Наконец Джекоб откинулся на спинку сиденья и озорно подмигнул ей, вопросительно склоняя набок голову.
— Ну что скажешь, Флоренс? Как по-твоему, удастся мне поразить публику или я предстану на экране очередным идиотом в пунцовом тряпье?
В голове крутилось с десяток готовых осторожных реплик — палочка-выручалочка журналиста, но прятавшаяся в ней очарованная зрительница не раздумывая отмела их все.
— Потрясающе! Ты будешь великолепен, Джекоб, — ответила Флоренс, испытывая легкое головокружение. И невыразимое счастье. Ей не терпелось посмотреть "Возлюбленную Немезиду" на экране.
Джекоб, скрестив ноги, пристально взглянул на нее. В плавно движущемся лимузине неожиданно все замерло. Флоренс казалось, что у нее даже сердце остановилось. Она невольно затаила дыхание, нервы зазвенели.

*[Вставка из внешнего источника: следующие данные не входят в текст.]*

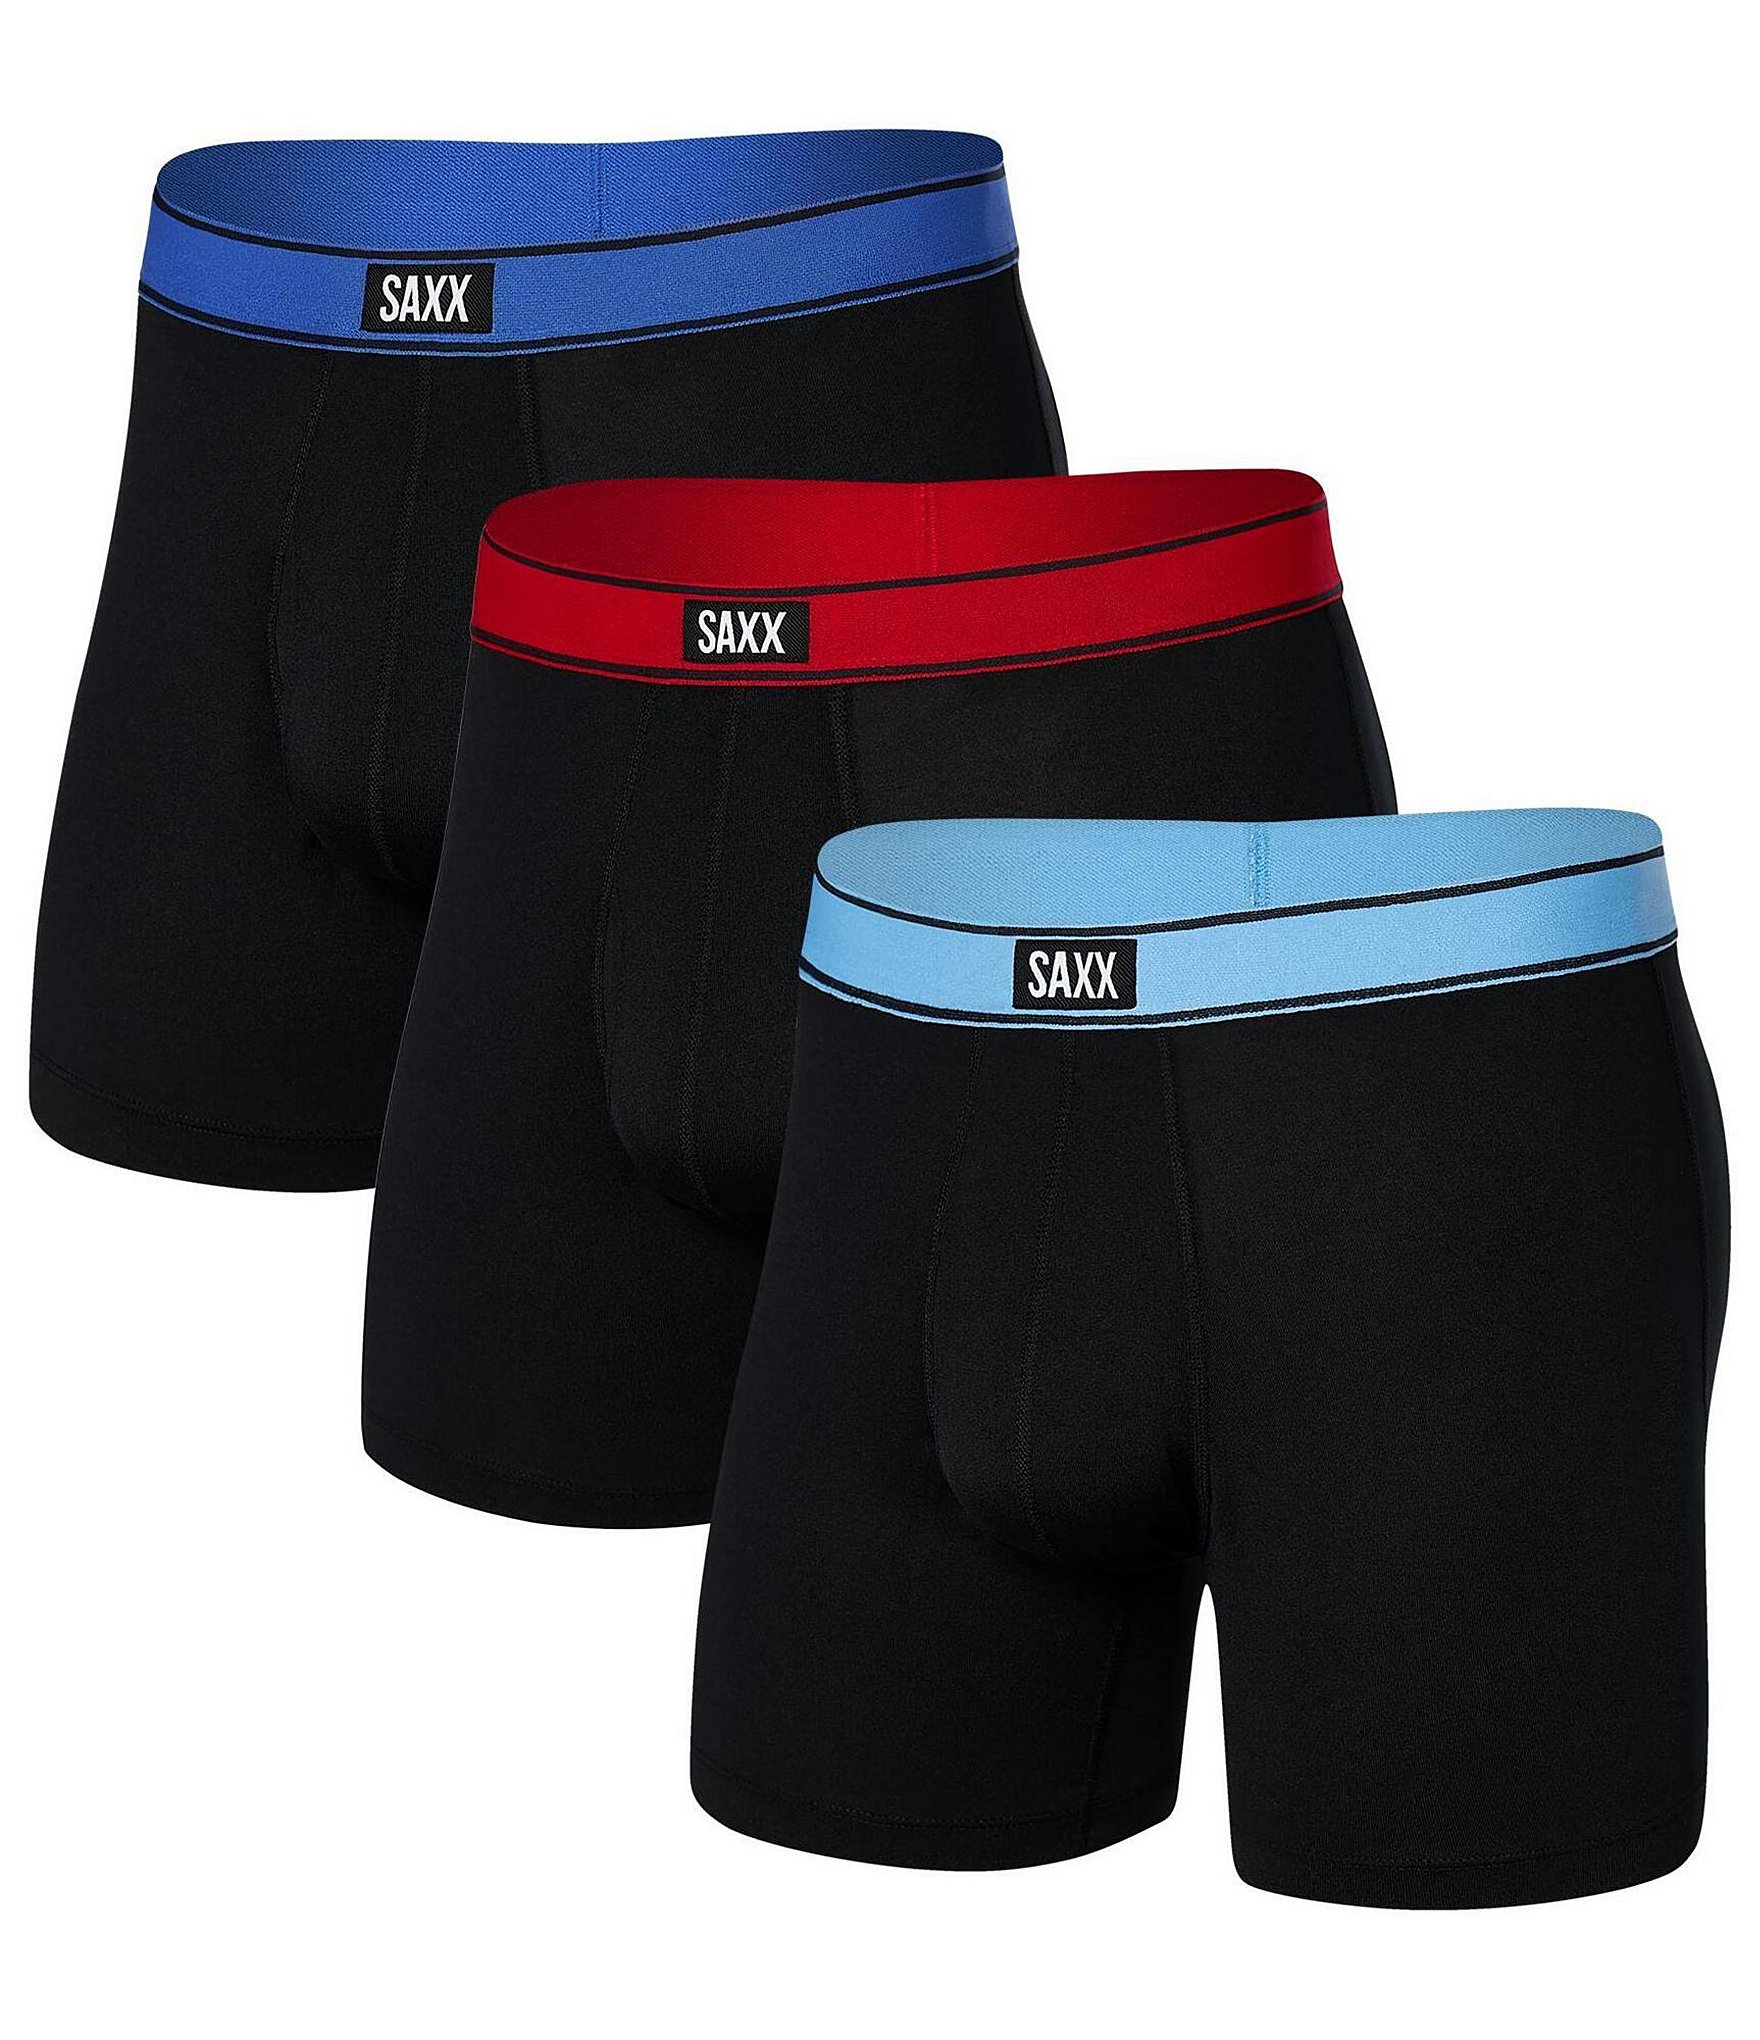 6 x Boxer Briefs SPECIAL Mens Mix Pack Frank and Beans Underwear S M L XL  XXL

Если он сморозит сейчас какую-нибудь глупость, думала она, все будет кончено. Они вернутся к тому, с чего начали, и она не сможет написать о нем ни единого положительного слова.

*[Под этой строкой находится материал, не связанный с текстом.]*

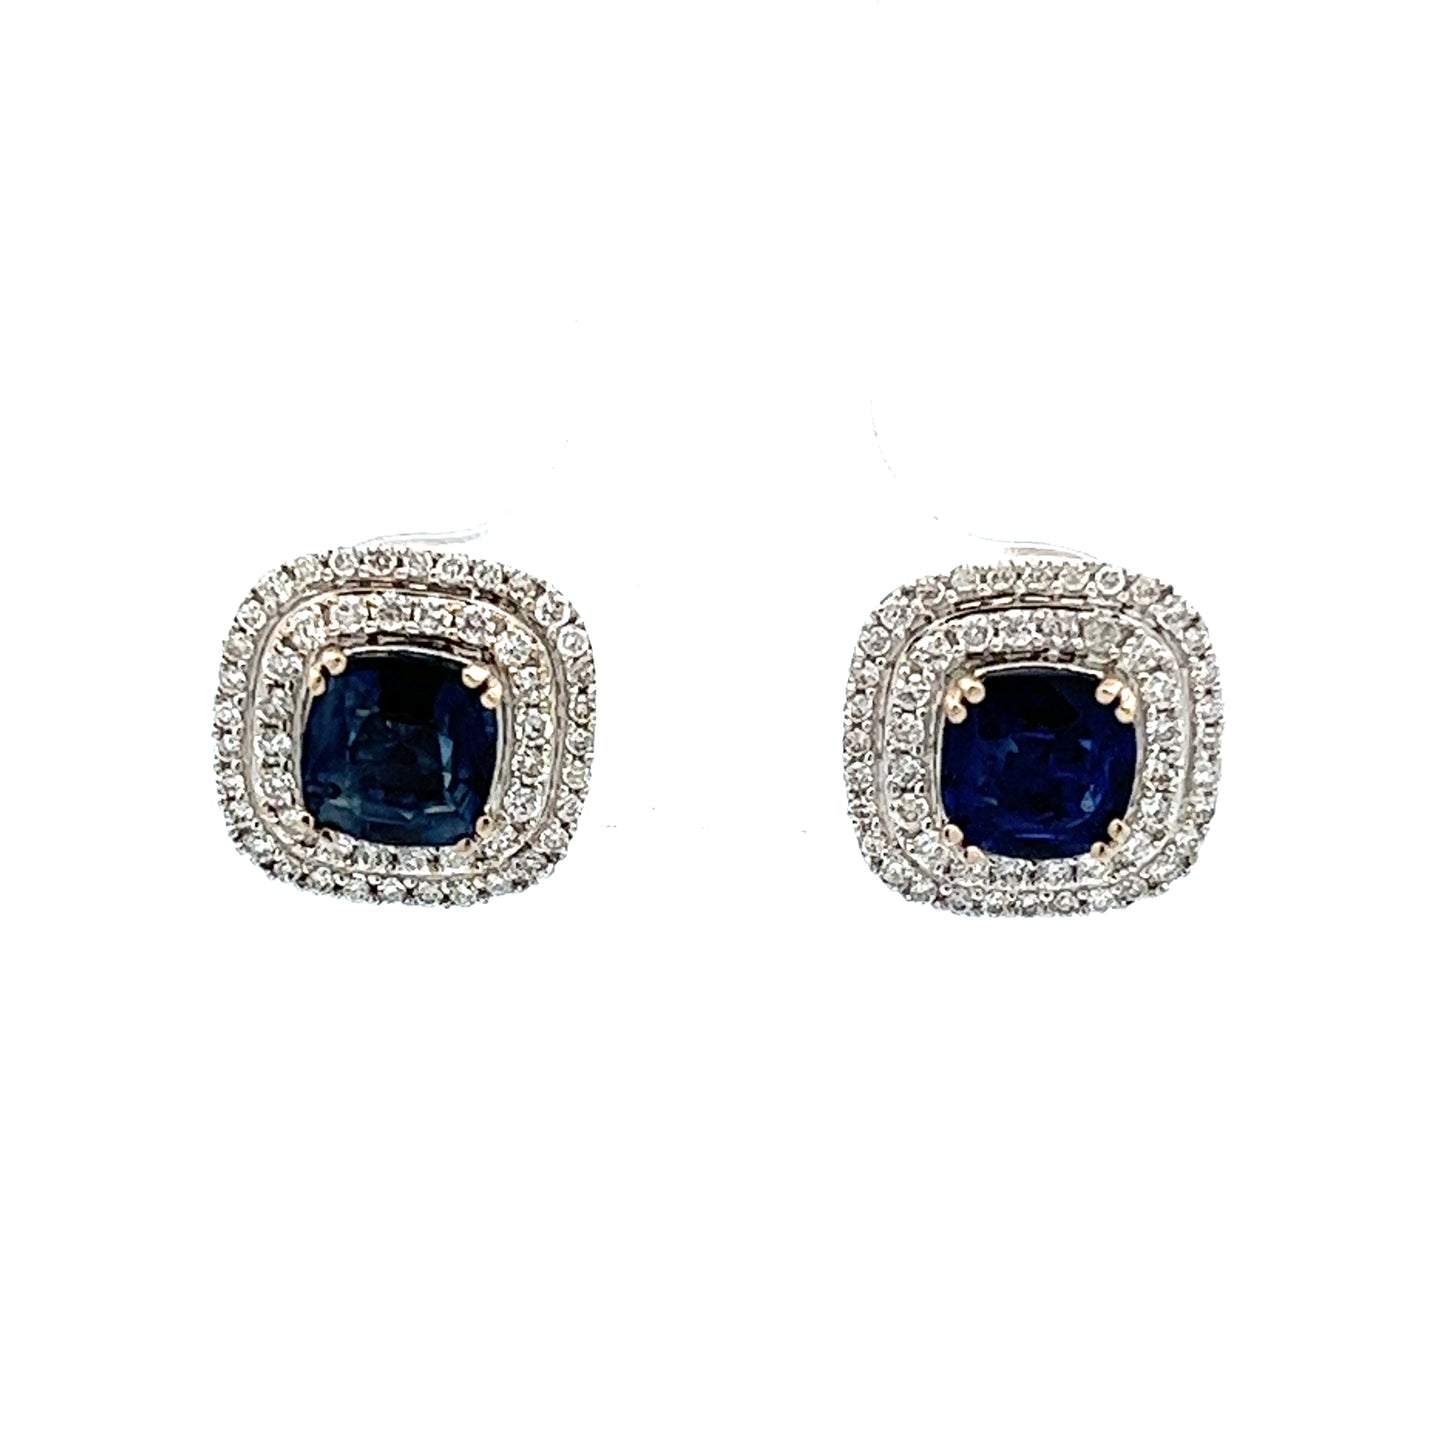 14k white gold 1ct total weight cushion cut sapphires with diamond earrings

— Хотелось бы надеяться, — тихо промолвил он. — Очень хотелось бы.
О нет! Нет, нет, нет! Не позволяй мне чувствовать! — умоляла Флоренс свое предательское сердце, с грохотом метавшееся в грудной клетке; тело пылало, словно в огне. Вопреки данным себе клятвам, вопреки разуму, она желала Джекоба, желала страстно, до боли, как желала — вдруг осознала она — всегда. И что еще отвратительнее, это было не просто физическое влечение. То, что она испытывала, было столь немыслимо и кощунственно, что даже не поддавалось определению.

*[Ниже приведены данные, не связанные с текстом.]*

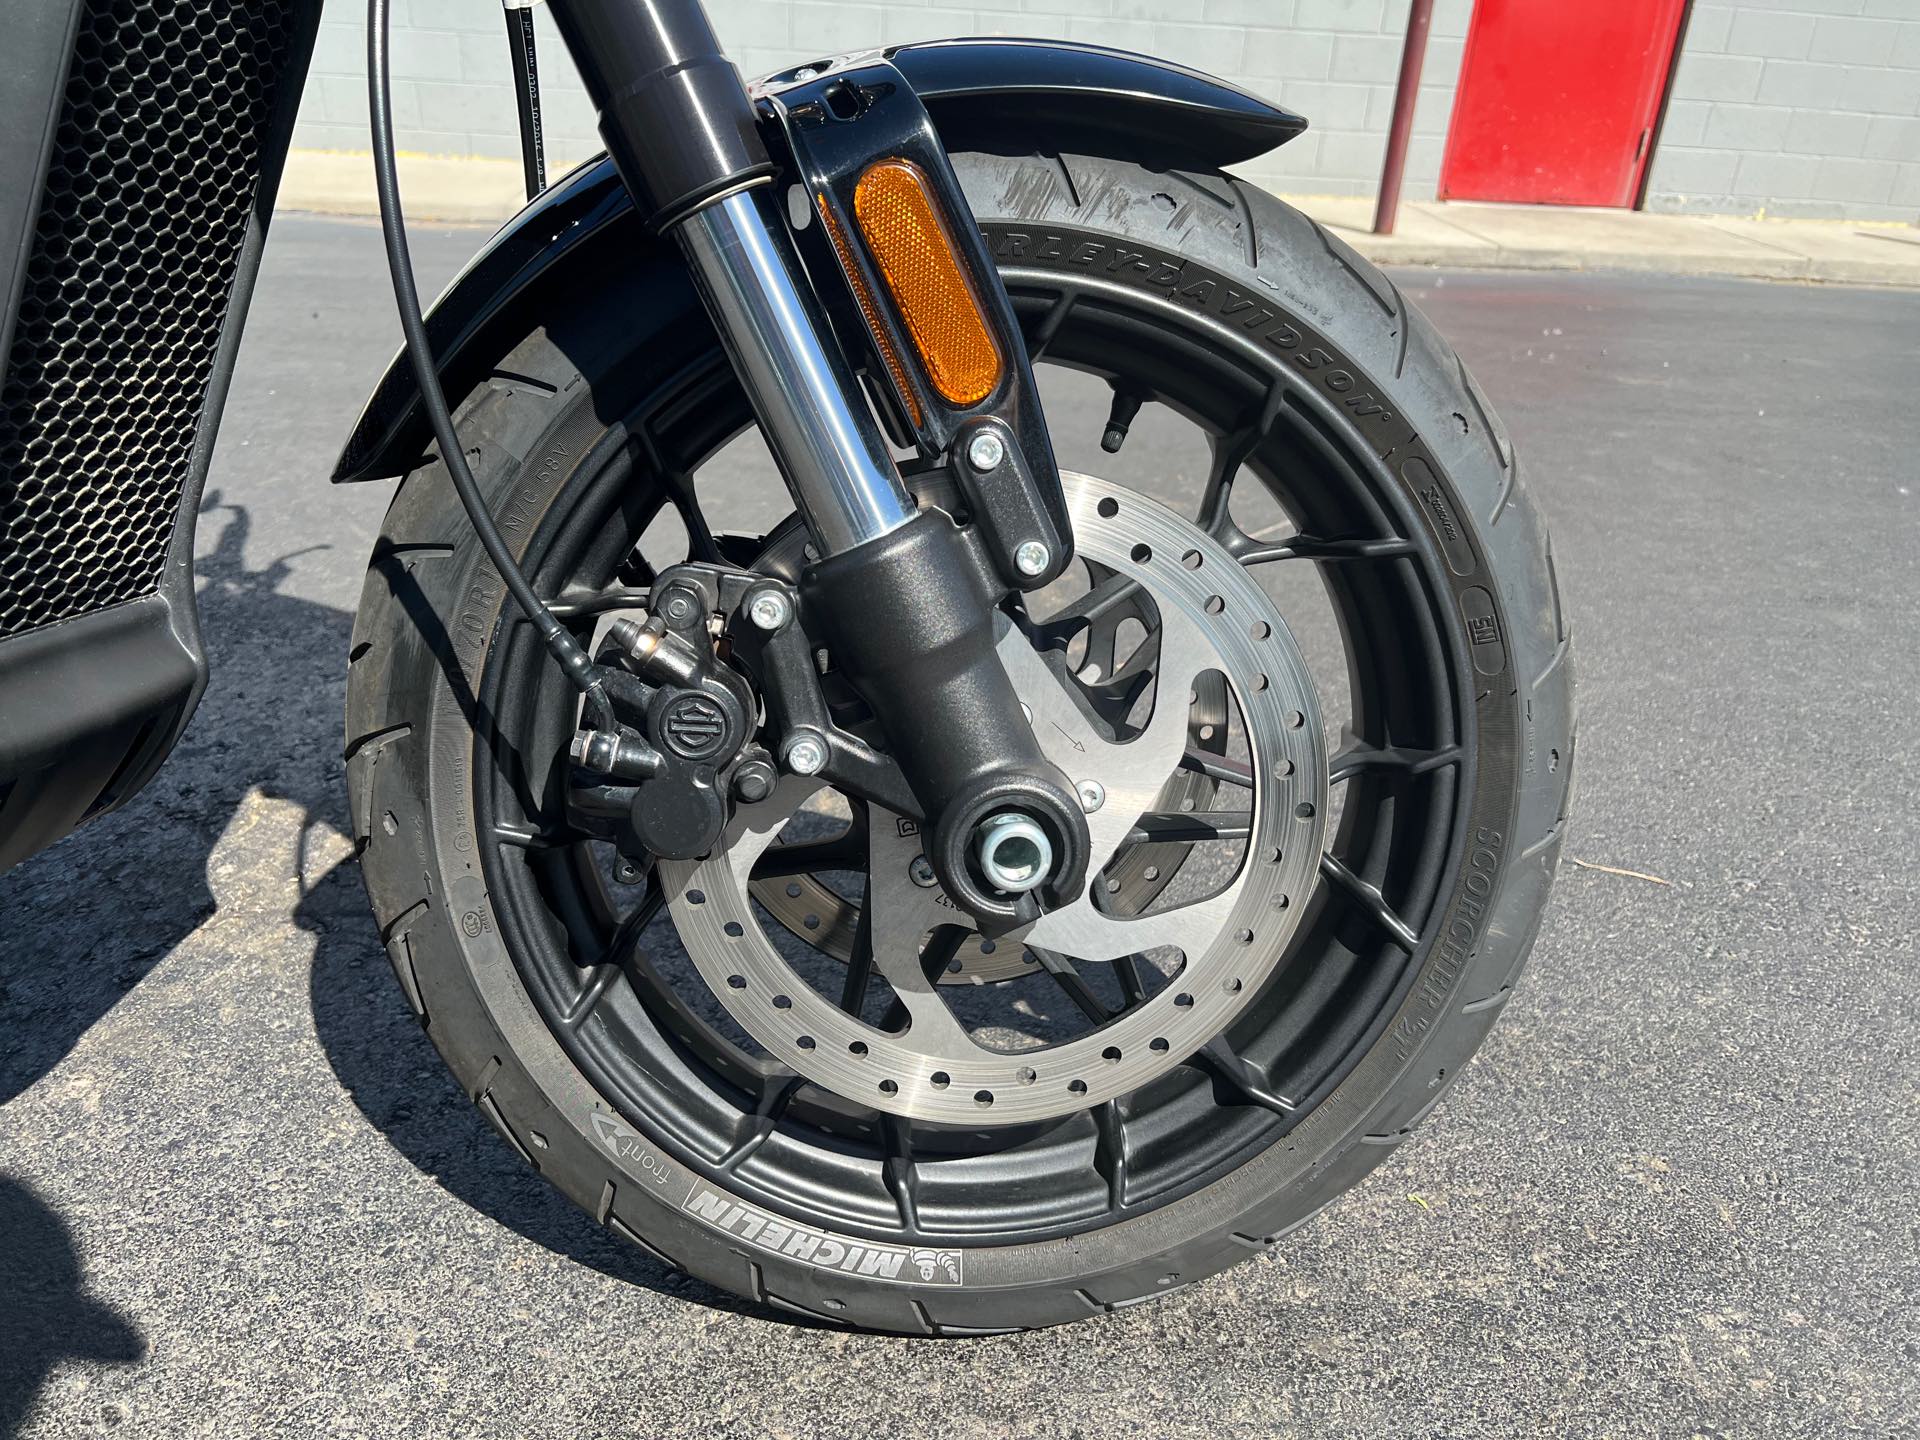 2018 Harley-Davidson Street Rod at Aces Motorcycles - Fort Collins

Оставшуюся часть пути они ехали в приятном молчании, изредка перекидываясь парой дружелюбных фраз. Флоренс это было только на руку. Она попыталась продолжить интервью, раз или два спросила что-то, и Джекоб любезно удовлетворил ее любопытство, но вид у него был очень усталый. В промежутках между репликами она сосредоточенно черкала в блокноте чепуху, надеясь, что Джекоб думает, будто она записывает свои наблюдения. И все это время тщетно старалась успокоить разбушевавшиеся нервы.
Помни про его подлость, твердила она себе. Не забывай, что он собой представляет на самом деле. Человек не может так кардинально меняться. Ты не имеешь права увлекаться им теперь, даже если тогда любила. Обойди его стороной. У тебя своя жизнь, в которой ему нет места.
Она взглянула на Джекоба. Тот дремал — глаза закрыты, складки вокруг губ разгладились. Почему же жизнь без него представляется полной безысходности и муки?
ГЛАВА 4
— Может, все-таки поедем поужинаем? — спросил Джекоб, когда автомобиль затормозил у высокого модернового здания, в котором размещались редакции нескольких журналов, в том числе и "Современной женщины".
Идея ужина в компании Джекоба не прельщала Флоренс, главным образом потому, что ее мутило от страха.
— Спасибо, не могу. Я же объясняла, — отказалась она с улыбкой, которая, скорей всего, получилась чрезмерно лучезарной и неестественной. — Поработаю еще немного, по свежим следам занесу свои заметки и наблюдения в компьютер. — Она похлопала по сумке, подразумевая лежавший там блокнот. — Да я и не голодна вовсе. Только зря потратил бы на меня деньги. — Она молола чепуху, напрочь позабыв, какой прежде придумала предлог. Ей хотелось одного: чтобы он оставил ее в покое.
— Все худеешь? — усмехнулся Джекоб, раздевая ее бесцеремонным взглядом. — Ты же знаешь, мне всегда нравились твои пышные формы. — Он улыбнулся многозначительной чарующей улыбкой заправского соблазнителя. Явно отрабатывает на ней роль Неистового Джека для съемок следующей недели. — У тебя роскошная фигура, Фло. До сих пор помню ощущения…
Флоренс внутренне сосредоточилась, пытаясь не допустить прилива крови к лицу, но все напрасно. Методика самоконтроля не действовала.